- Official portrait

Judge of the Allahabad High Court
- In office 12 Desember 2019 – 15 April 2026

Personal details
- Born: 16 April 1964 (age 62)
- Occupation: Judge
- Profession: Law

= Shekhar Kumar Yadav =

Judge at the Allahabad High Court

Shekhar Kumar Yadav (born 16 April 1964) is an Indian judge serving in the Allahabad High Court since 12 December 2019. His position as judge has been in the spotlight following reportedly Islamophobic comments he made in December 2024 at an event of the right-wing Vishwa Hindu Parishad. Calls for his removal include an impeachment motion initiated against him in Parliament seeking his removal as judge on grounds of promoting majoritarianism and hate speech.

== Contentious comments ==
Yadav is known for his public support for Hindu nationalism, which was seen as a sharp departure from the standard norms of the Judiciary of India. He has publicly supported ban on cow slaughter in India & implementation of a Uniform Civil Code. Some of his famous comments are —

Scientists believe the cow is the only animal that inhales and exhales oxygen. This [cow's milk] gives special energy to sunrays, which ultimately causes rain. Panchgavya which is made of cow milk, curd, ghee, urine and cow dung helps in treatment of several incurable diseases.

Parliament must bring law to pay ‘rashtriya samman’ (national honour) to Lord Ram, Lord Krishna, Ramayan and its author Valmiki besides Gita and its author Maharishi Ved Vyas, as they are the culture and heritage of the country

Cow is the culture of India and the work of saving the culture is of every citizen living in the country irrespective of religion.

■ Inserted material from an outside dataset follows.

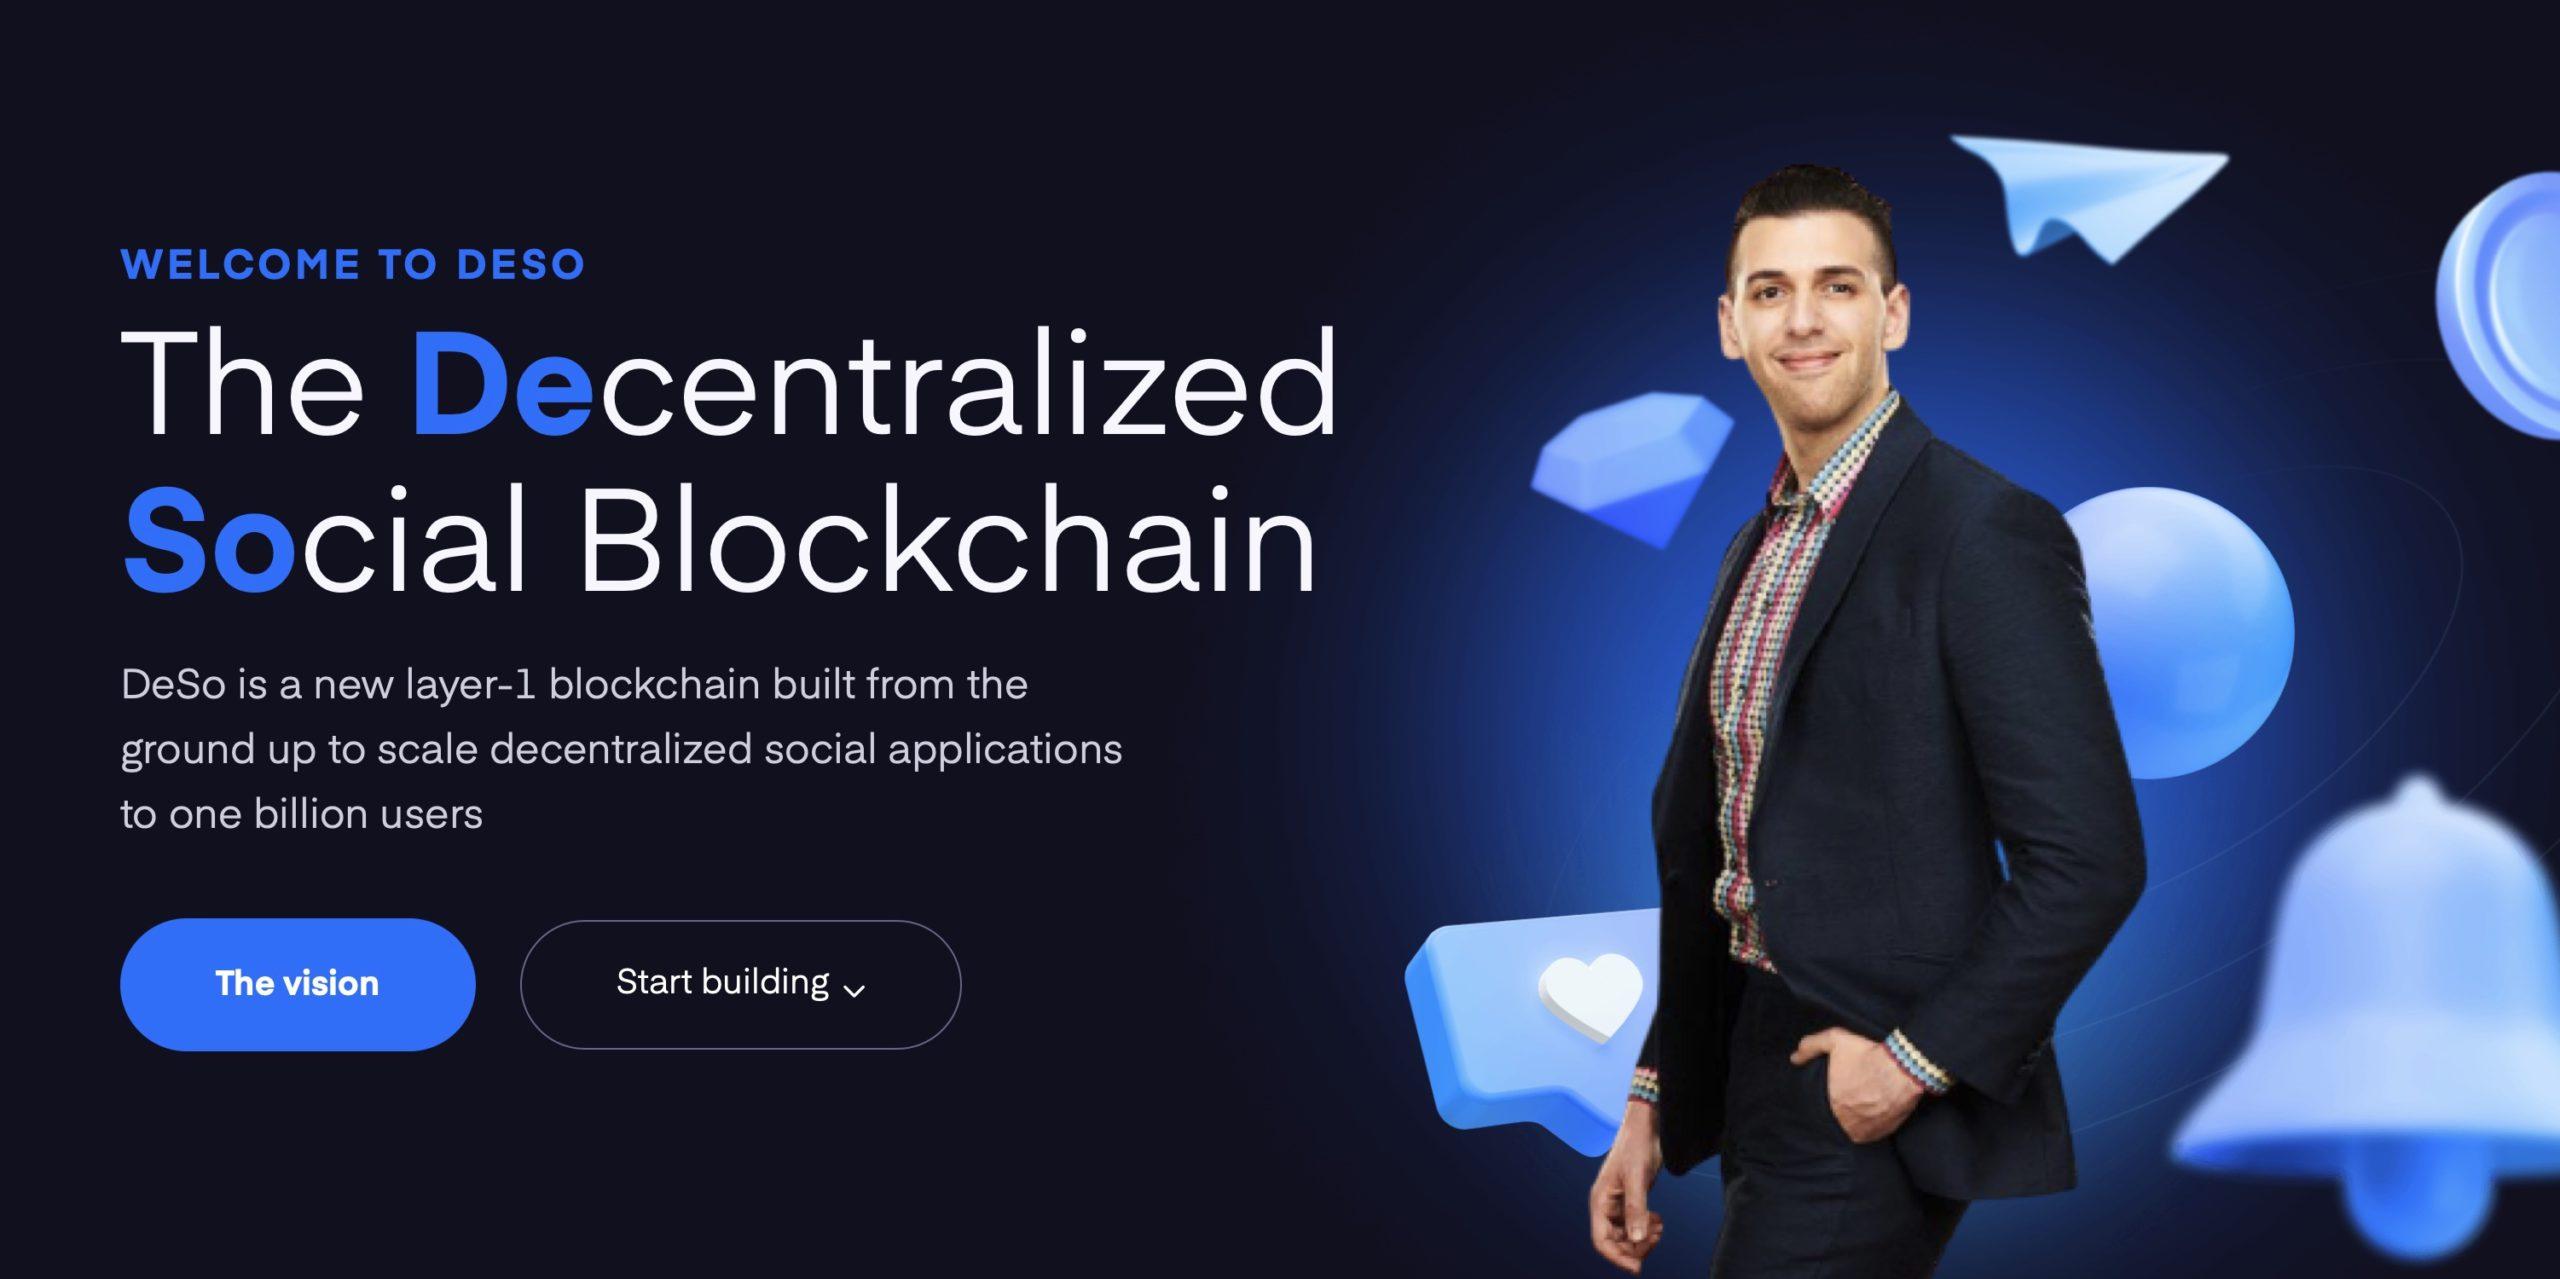 BitClout 創辦人推「社群區塊鏈 DeSo」,獲 2 億美元投資、a16z 紅杉參投

Fundamental right is not only the prerogative of beef eaters, rather, those who worship the cow and are financially dependent on cows, also have the right to lead a meaningful life. India will prosper only if cows are revered.
In December 2024, Yadav courted controversy by using derogatory slurs against Muslims in India & mocking the practice of Islamic circumcision while delivering a speech at an event in Prayagraj organised by the Vishwa Hindu Parishad. Amid calls for sacking him, a motion of impeachment against him on grounds of promoting majoritarianism & hate-speech has been initiated in the Parliament.